Bunuel wrote:
How many different arrangements of the digits 1, 2, 3, 4, and 5 are possible where no two consecutive digits are adjacent?
A. 42
B. 21
C. 14
D. 10
E. 6
As it is hard to calculate this directly, we'll start by writing down numbers and see how it goes.
This is an Alternative approach.
If we start with a 1 then the next number must be 3,4 or 5.
Starting with 1-3 means that 5 must come next (as 2 and 4 are adjacent to 3) then 2 then 4.
Similarly, 1-4-2-5-3 must follow from 1-4.
However, if we try to continue 1-5-3 we become stuck as both 4 and 2 are impossible.
So, there are 2 numbers starting with 1.
Let's start with 2:
2 can be followed by 4 or 5. Building these gives
2-4-1-3-5 and 2-4-1-5-3
2-5-1- impossible! and 2-5-3-1-4
We have a 3 numbers starting with 2.
Moving on to 3, which can be followed by 1 or 5:
3-1-4-2-5 and 3-1-5-2-4
3-5-2-4-1 and 3-5-1-4-2
4 more options.
Finally, we can list another 3 numbers for 4 and 2 for 5.
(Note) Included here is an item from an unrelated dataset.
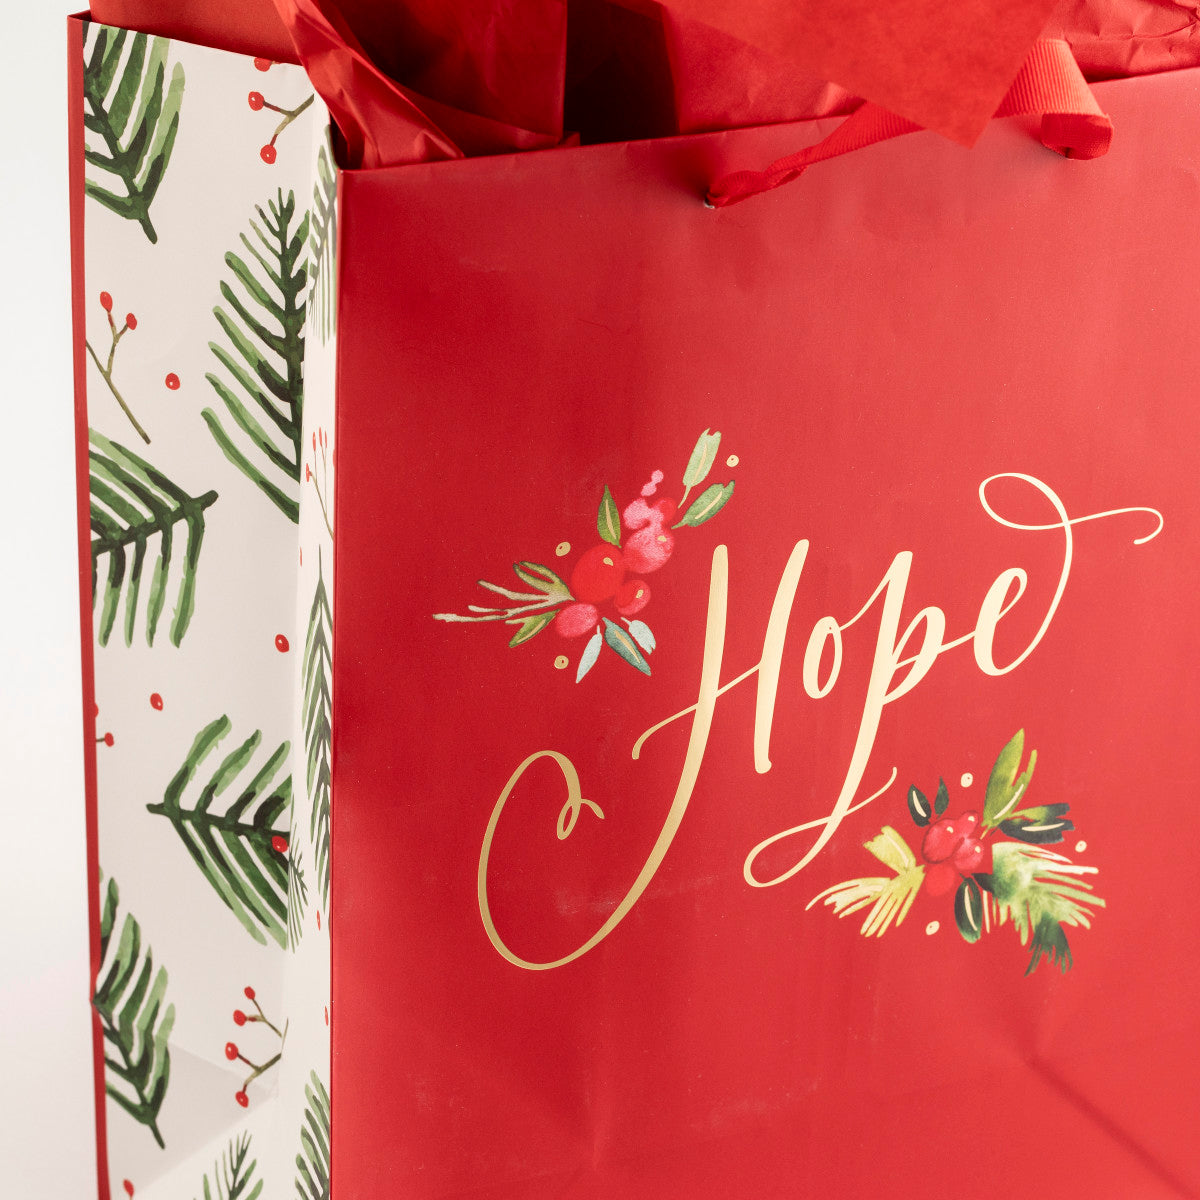 Yay You - Large Gift Bag with Tissue
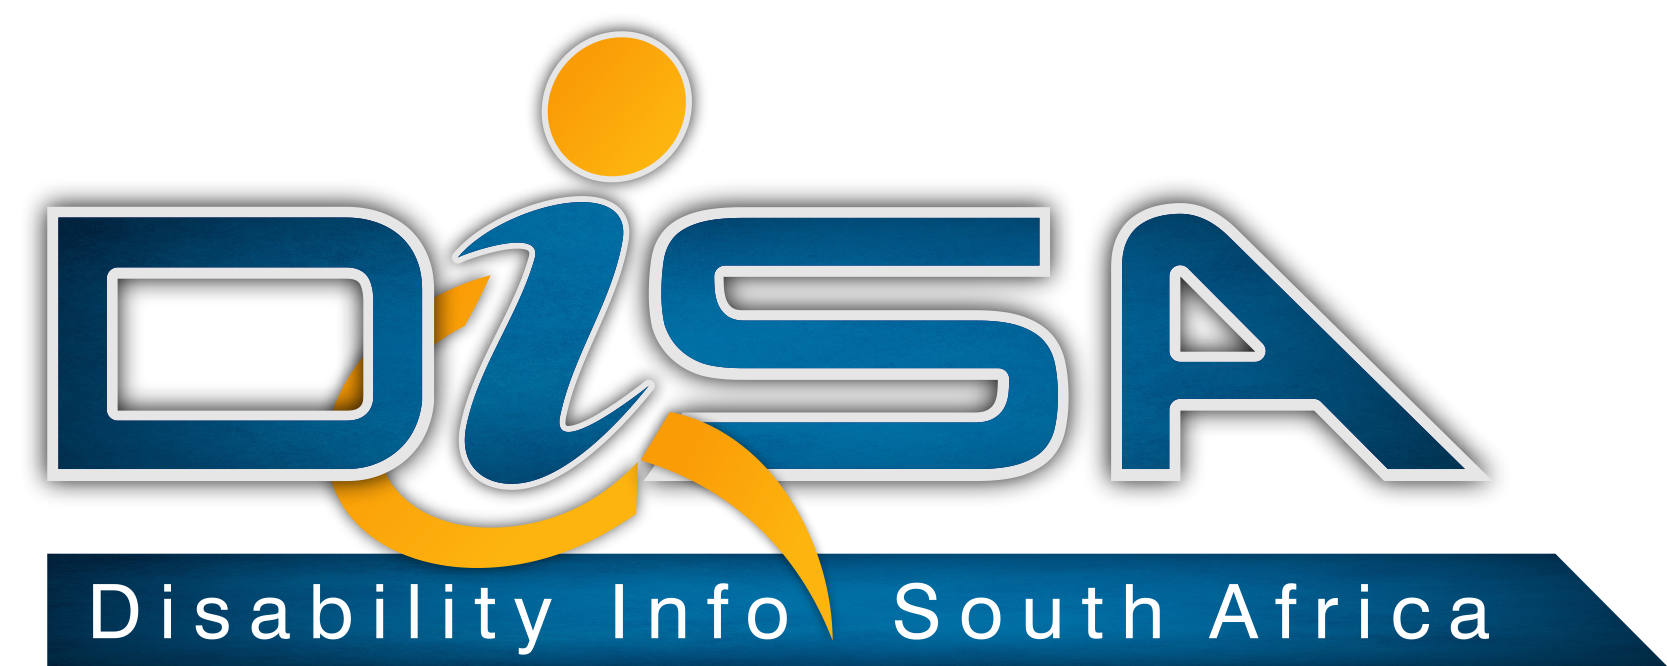 Disability info South Africa (DiSA)

In total, we have 2+3+4+3+2=14 options.
(C) is our answer.
** Note: as 1,2,3,4,5 is a symmetrical sequence (5 and 1 are 'end numbers' and 2 and 4 are 'inbetween numbers') then we know that 1 and 5 have the same number of sequences without listing them. Similarly, 2 and 4 have the same number of sequences.